128. To avoid this we believe that there is no really sustained case for treating appeals on these matters judicially rather than administratively. This would not prejudice any party's right to seek judicial review. There would be greater financial and representational equity if appeals were dealt with by a Licensing Inspectorate. Please see comments under para 98 for the setting up of a Licensing Inspectorate similar to the Planning Inspectorate. In any event, given that over time magistrates experienced in licensing matters will disappear their ability to take Crown Court hearings will become less relevant. It would be better if most appeals as to sanctions, the application of the late night licensing policies we propose and breaches of premises licence operating plans should go to a new Licensing Inspectorate operating in the same way as the Planning Inspectorate. Only detailed points of law would then go to the Crown Court.

13. Costs and Resources

131. We agree that fees need to rise and as in the case of temporary licences the fees should cover the justifiable costs of all the relevant statutory authorities (including the police) of administration, inspection and enforcement.

132. -140. We are disturbed at the general thrust of the argument which is all about how much the saving will be to the trade and not seeking to counterbalance that with assessing the costs of a properly resourced administration, inspection and enforcement service.

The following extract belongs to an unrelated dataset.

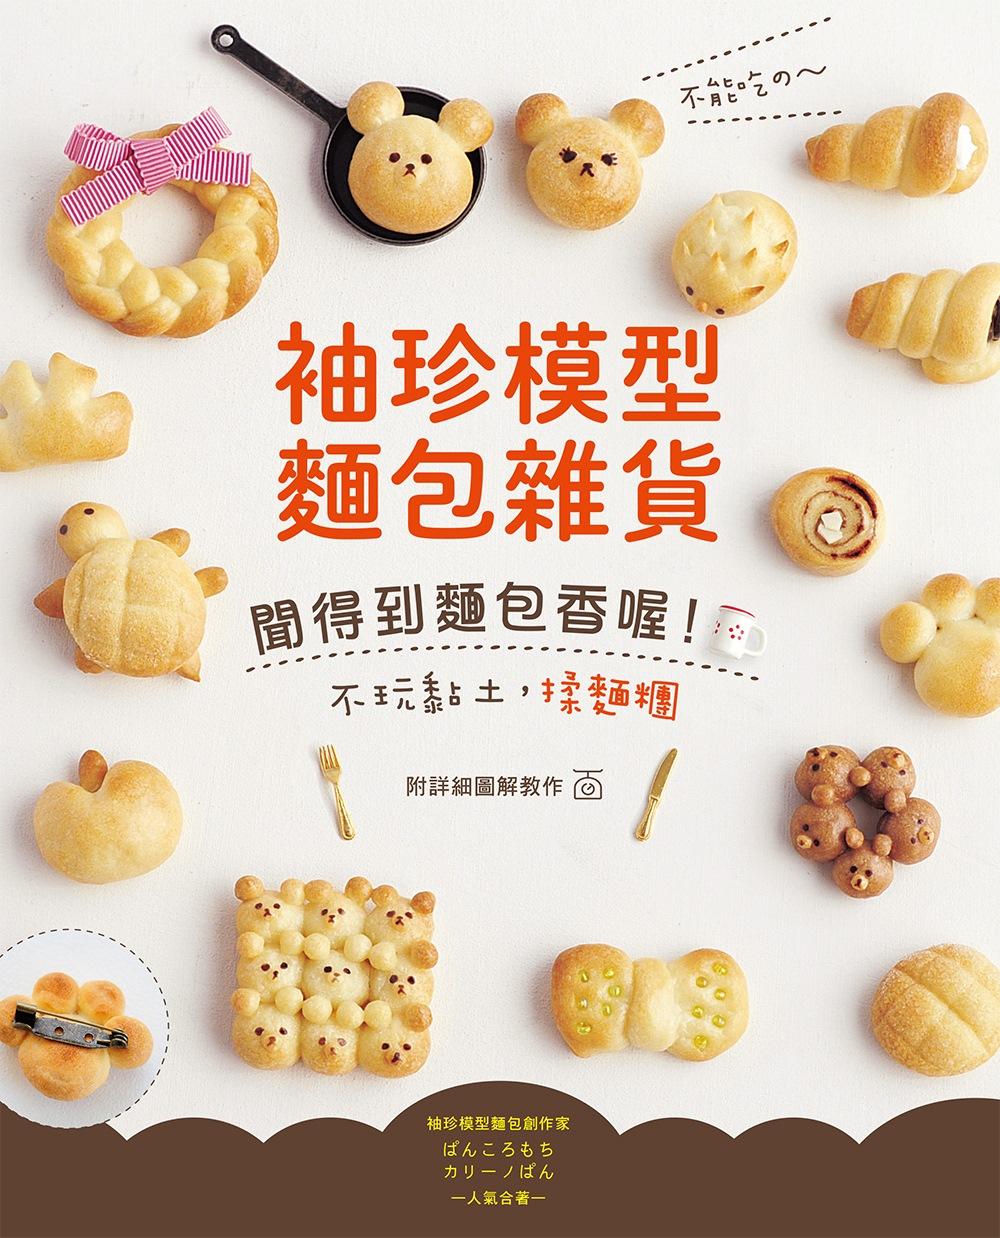 不能吃的 ~ 袖珍模型麵包雜貨:聞得到麵包香喔!不玩黏土,揉麵糰!

The current system despite its costs to business does not provide these three things at present and there are no calculations as to how the fees proposed are made up and what sort of service this will provide. Good law is law which will be implemented and enforced. That is not the least critiscm of the inadequacies of the present entertainment and liquor licensing system. Yet again in this section the White Paper seems to be biased in favour of the trade and not even handed.

Appendix 4

2(iii) This risk assessment makes it quite clear that where there are concentrations of licensed premises such as clubs and discos operating until 2.00 or 3.00am there are similar crime peaks to those at 11-12pm for pubs. Therefore there is no evidence that extending hours will reduce crime peaks but merely push it back further into the night when it is more expensive for the police to tackle and when it is most corrosive for local residents and other businesses.

4(i) We do not accept the benefits are as listed to residents and the local community and the risks are vastly understated.

(ii) These are irrelevant because the law won't be changed back if they don't occur. Many of them are contentious and unsupported statements.

5. These compliance costs are based on so many unsupported assumptions and estimates that it is pointless to comment. However we note that there is no such attempt to calculate and specify the administration, inspection and enforcement costs to licensing authorities and see this as clear evidence of a biased approach. In spite of the White Paper asserting that residents will have more rights, this is not borne out by the proposals, nor are their time and costs taken into account or those placed on society at large to develop an infrastructure (e.g. public transport, public lavatories, services to counter increased alcoholism, crime costs, victim support) to service this extra freedom to sell and consume more alcohol late at night.

6. This section makes clear that residents and amenity groups making objections in the Crown Court which they lose would be liable to heavy costs . Again there is no attempt to create equity before the law.

Appendices 5 & 7 We note that in neither diagram is loss of a premises licence envisaged. All the real sanctions fall on the individual personal licence holder not the larger companies that employ them. Thus potentially continuing the current major flaw in the 1964 Act whereby revocations can in effect be side stepped by major multiple operators.

Appendix 6 These are risible and add nothing to the case advanced by the White Paper but rather illustrate how out of touch its approach is. E.g. . Scenario 1 If any licensee has not had a 'Friday night away from the premises in years' he lives in the world of Harry Potter.